WORK TO COMPLETE
Give the data below again exactly as written, but without the pictures.

GIVEN DATA
%%

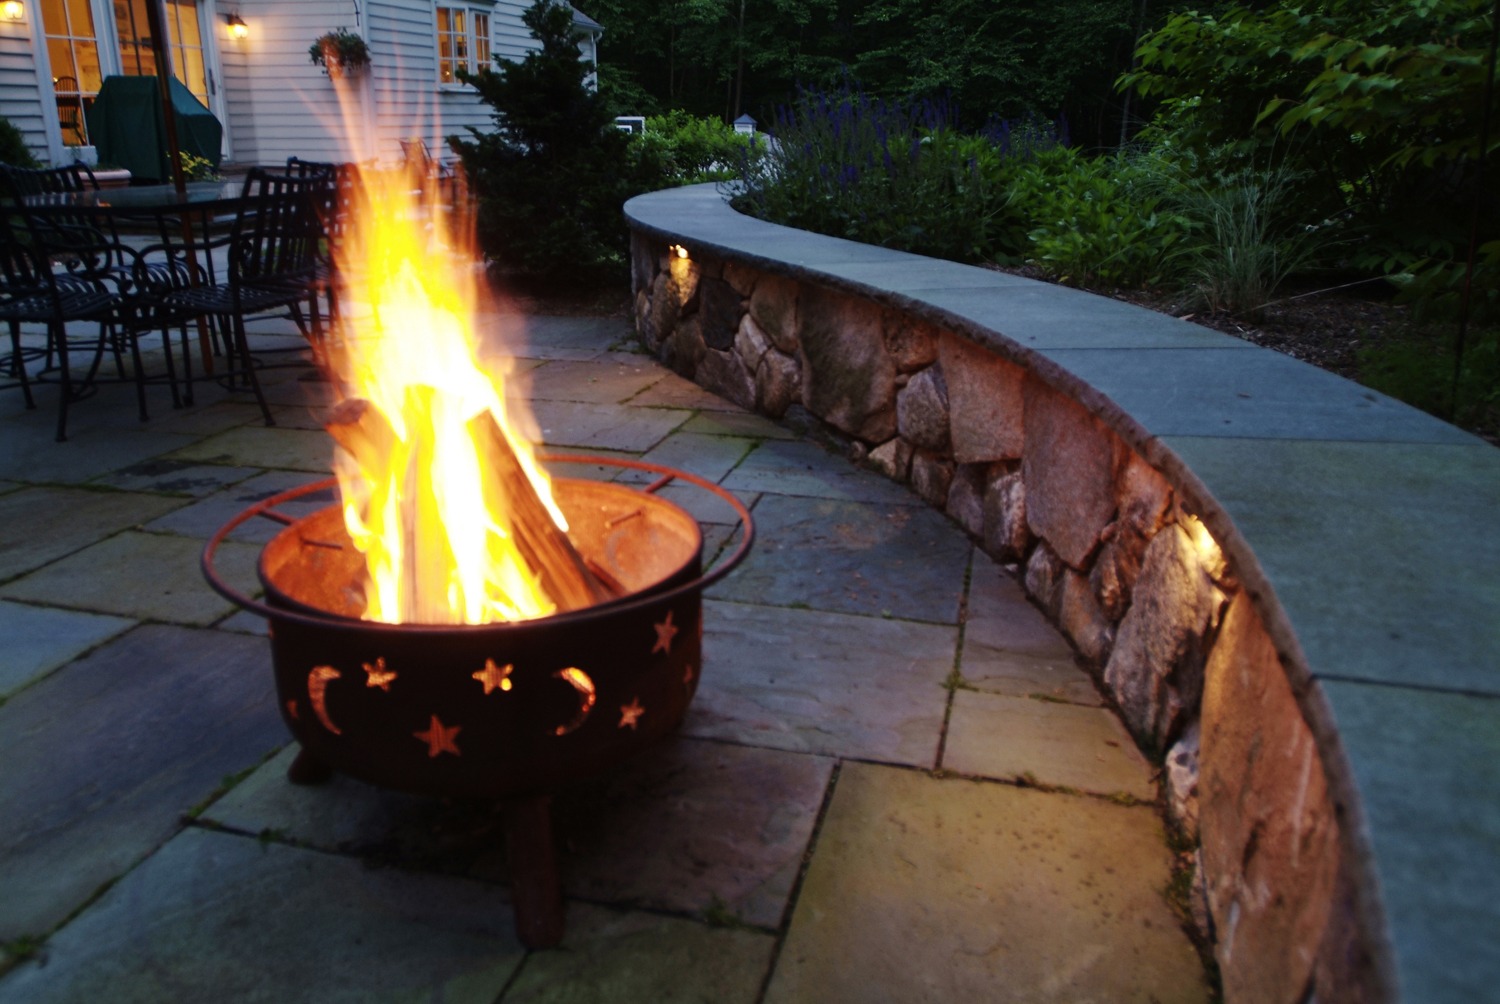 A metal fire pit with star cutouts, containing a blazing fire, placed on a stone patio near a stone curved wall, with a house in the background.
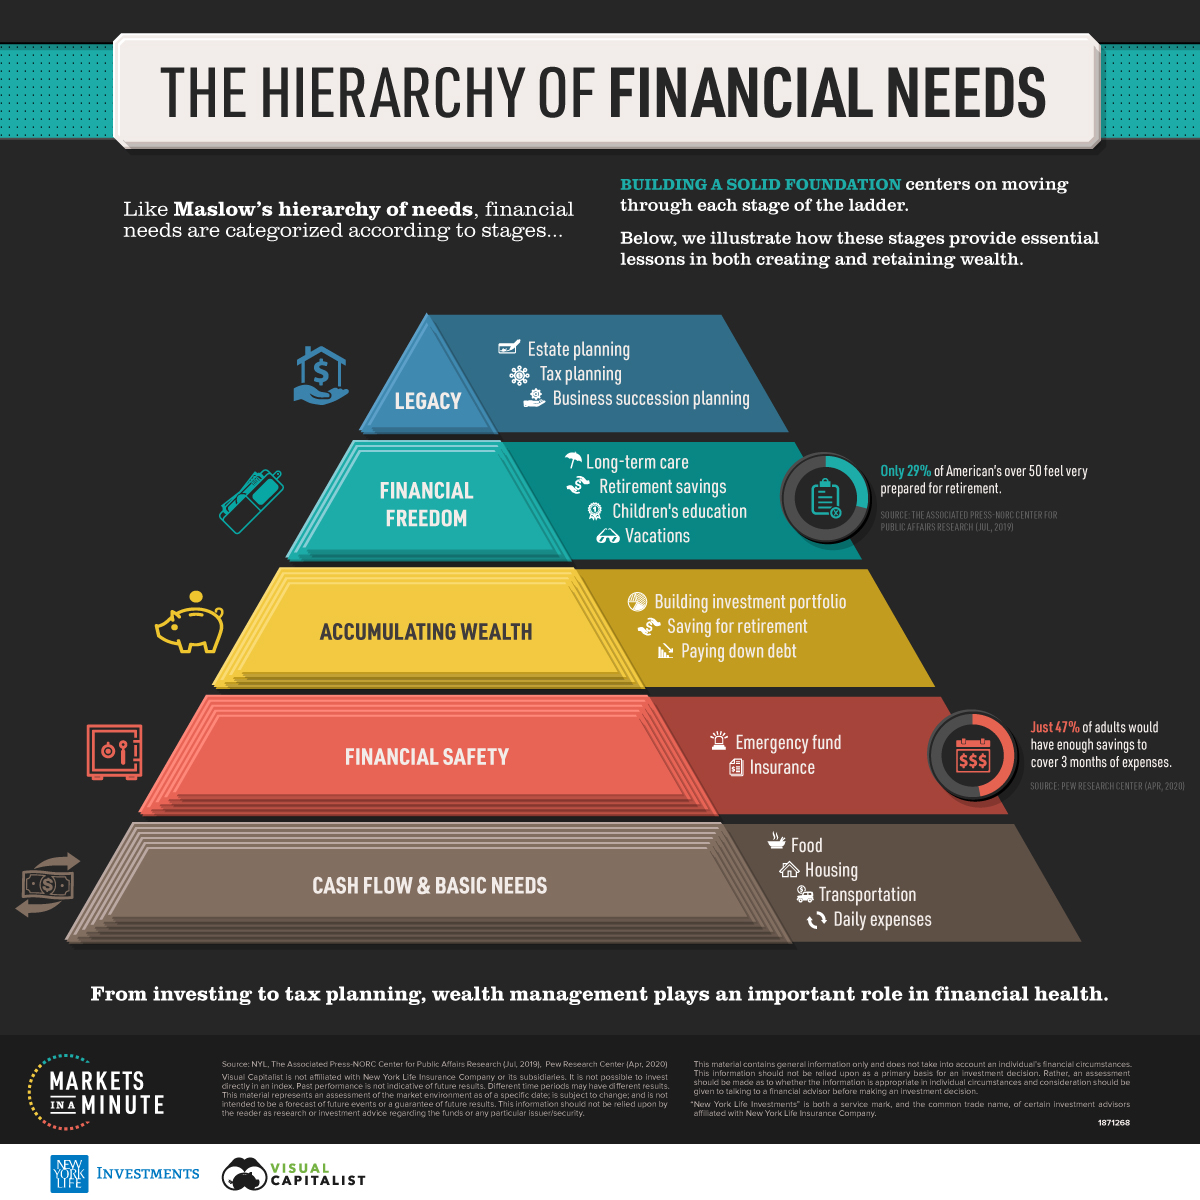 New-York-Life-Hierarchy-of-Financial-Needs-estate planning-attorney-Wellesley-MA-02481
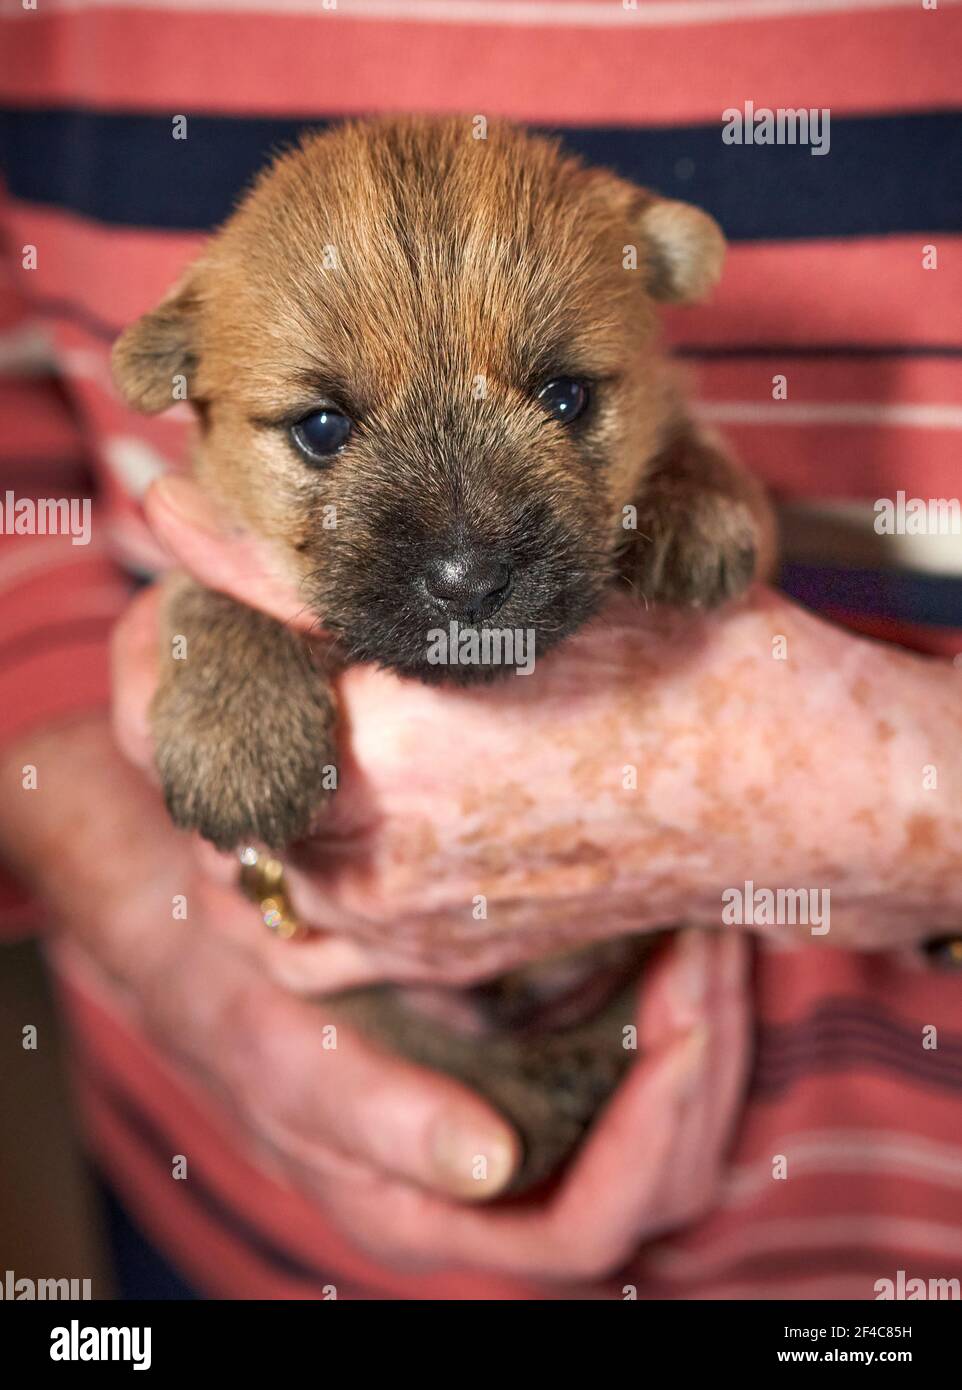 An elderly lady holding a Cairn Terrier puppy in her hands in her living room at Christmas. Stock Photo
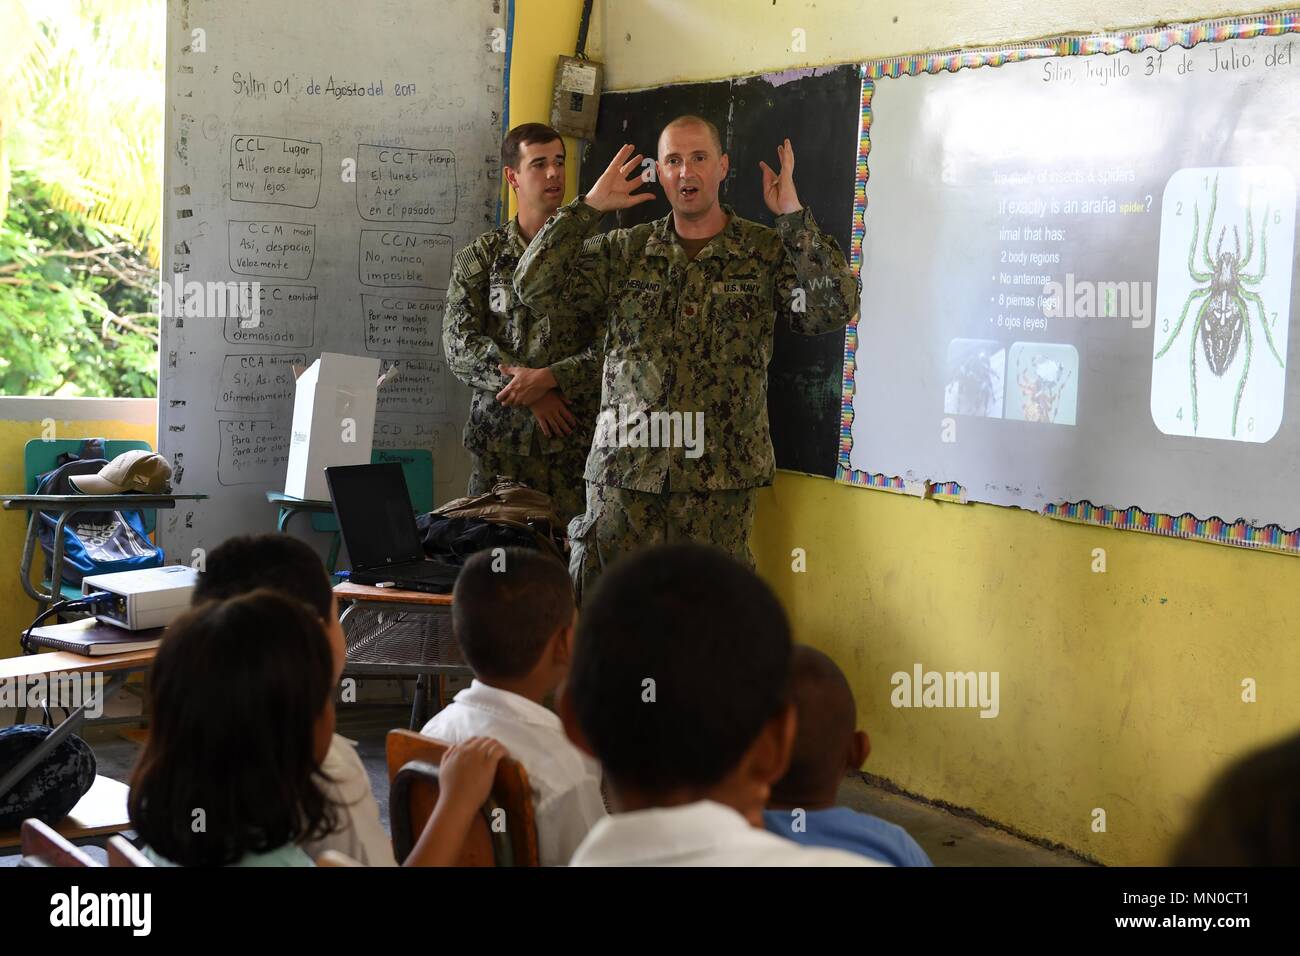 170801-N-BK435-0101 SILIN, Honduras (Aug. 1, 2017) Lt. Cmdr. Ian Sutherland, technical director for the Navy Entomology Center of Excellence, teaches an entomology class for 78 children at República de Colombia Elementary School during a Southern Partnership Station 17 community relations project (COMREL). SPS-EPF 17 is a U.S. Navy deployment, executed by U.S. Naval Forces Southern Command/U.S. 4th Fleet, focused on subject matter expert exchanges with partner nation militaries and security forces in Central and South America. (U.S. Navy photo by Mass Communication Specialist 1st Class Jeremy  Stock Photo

%%

RESPONSE
 A metal fire pit with star cutouts, containing a blazing fire, placed on a stone patio near a stone curved wall, with a house in the background.
 New-York-Life-Hierarchy-of-Financial-Needs-estate planning-attorney-Wellesley-MA-02481
 An elderly lady holding a Cairn Terrier puppy in her hands in her living room at Christmas. Stock Photo
 170801-N-BK435-0101 SILIN, Honduras (Aug. 1, 2017) Lt. Cmdr. Ian Sutherland, technical director for the Navy Entomology Center of Excellence, teaches an entomology class for 78 children at República de Colombia Elementary School during a Southern Partnership Station 17 community relations project (COMREL). SPS-EPF 17 is a U.S. Navy deployment, executed by U.S. Naval Forces Southern Command/U.S. 4th Fleet, focused on subject matter expert exchanges with partner nation militaries and security forces in Central and South America. (U.S. Navy photo by Mass Communication Specialist 1st Class Jeremy  Stock Photo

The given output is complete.